A. Program Use Restrictions. This Program is for individual use only. You agree that you will not use the Program for any use or purpose other than those which are explicitly stated and permitted by ASICS in these Terms or in any Additional Terms and you agree that you will not violate these Terms or any Additional Terms.

B. Content Use Restrictions. You also agree that, in using the Program: (i) you will not monitor, gather, copy, or distribute the Content (except as may be a result of standard search engine activity or use of a standard browser) by using any robot, rover, “bot”, spider, scraper, crawler, spyware, engine, device, software, extraction tool, or any other automatic device, utility, or manual process of any kind; (ii) you will not frame or utilize framing techniques to enclose any such Content (including any images, text, or page layout); (iii) you will keep intact all Trademark, copyright, and other intellectual property notices contained in such Content; (iv) you will not use such Content in a manner that suggests an unauthorized association with any of our or our licensors’ products, services, or brands; (v) you will not make any modifications to such Content (other than to the extent of your permitted use of the ASICS Licensed Elements, if applicable); (vi) you will not modify, reproduce, archive, sell, lease, rent, exchange, create derivative works from, publish by hard copy or electronic means, publicly perform, display, disseminate, distribute, broadcast, retransmit, circulate to any third party or on any third-party application or websites, or otherwise use or exploit such Content in any way for any purpose except as specifically permitted by these Terms or any Additional Terms or with the prior written consent of an officer of ASICS or, in the case of Content from a licensor, the owner of the Content; and (vii) you will not insert any code or product to manipulate such Content in any way that adversely affects any user experience.
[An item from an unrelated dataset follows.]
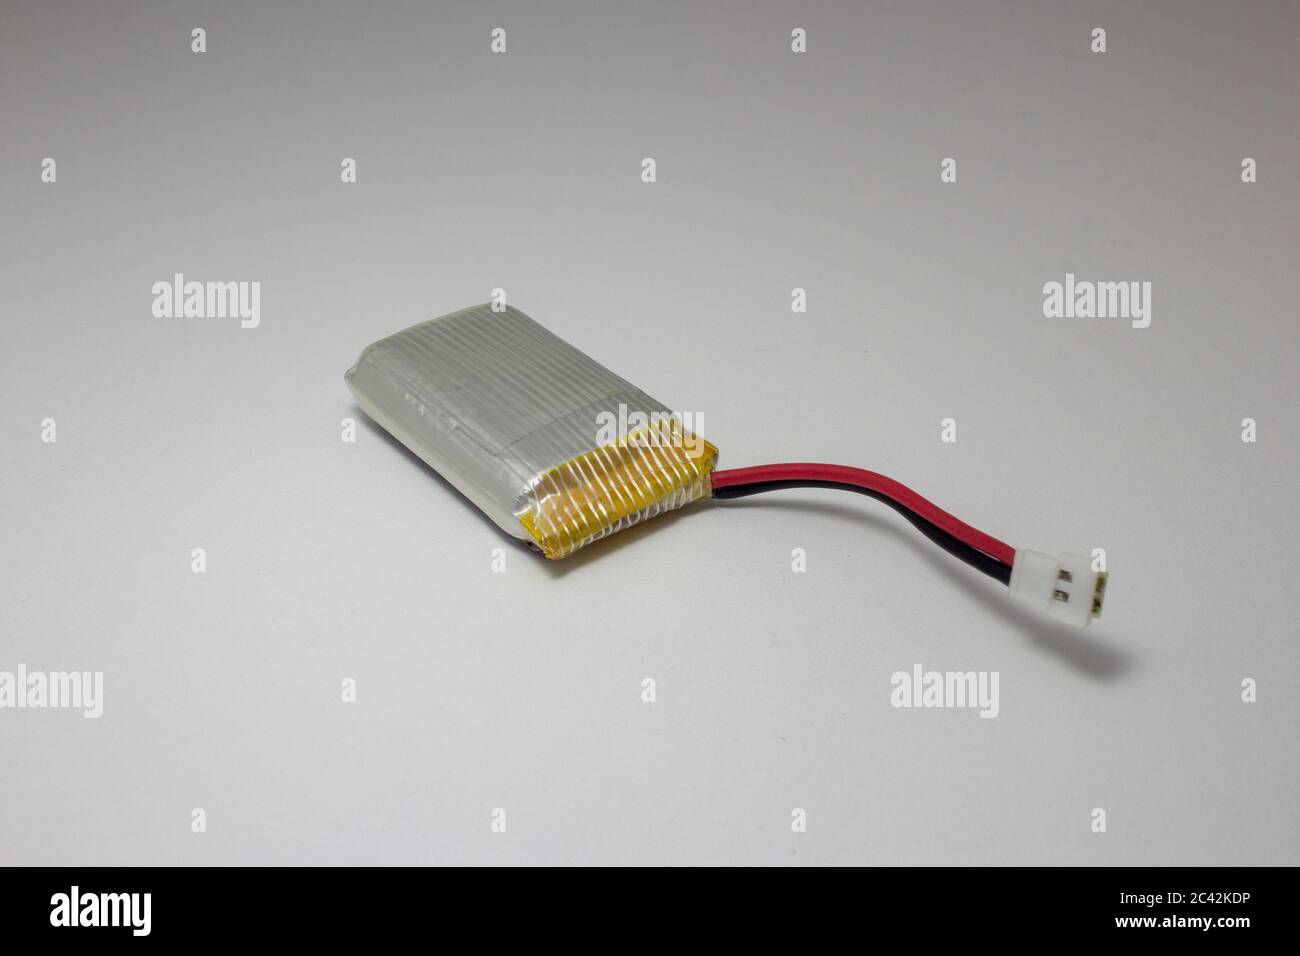 Batteria lipo immagini e fotografie stock ad alta risoluzione - Alamy

C. Availability of Program and Content. ASICS may immediately suspend or terminate the availability of the Program and Content (and any elements and features of them) in whole or in part for any reason, in ASICS sole discretion, and without advance notice or liability.

D. Reservation of All Rights Not Granted as to Content and Program. These Terms and any Additional Terms include only narrow, limited grants of rights to Content and to use and access the Program. No right or license may be construed, under any legal theory, by implication, estoppel, industry custom, or otherwise. All rights not expressly granted to you are reserved by ASICS and its licensors and other third parties. Any unauthorized use of any Content or the Program for any purpose is prohibited.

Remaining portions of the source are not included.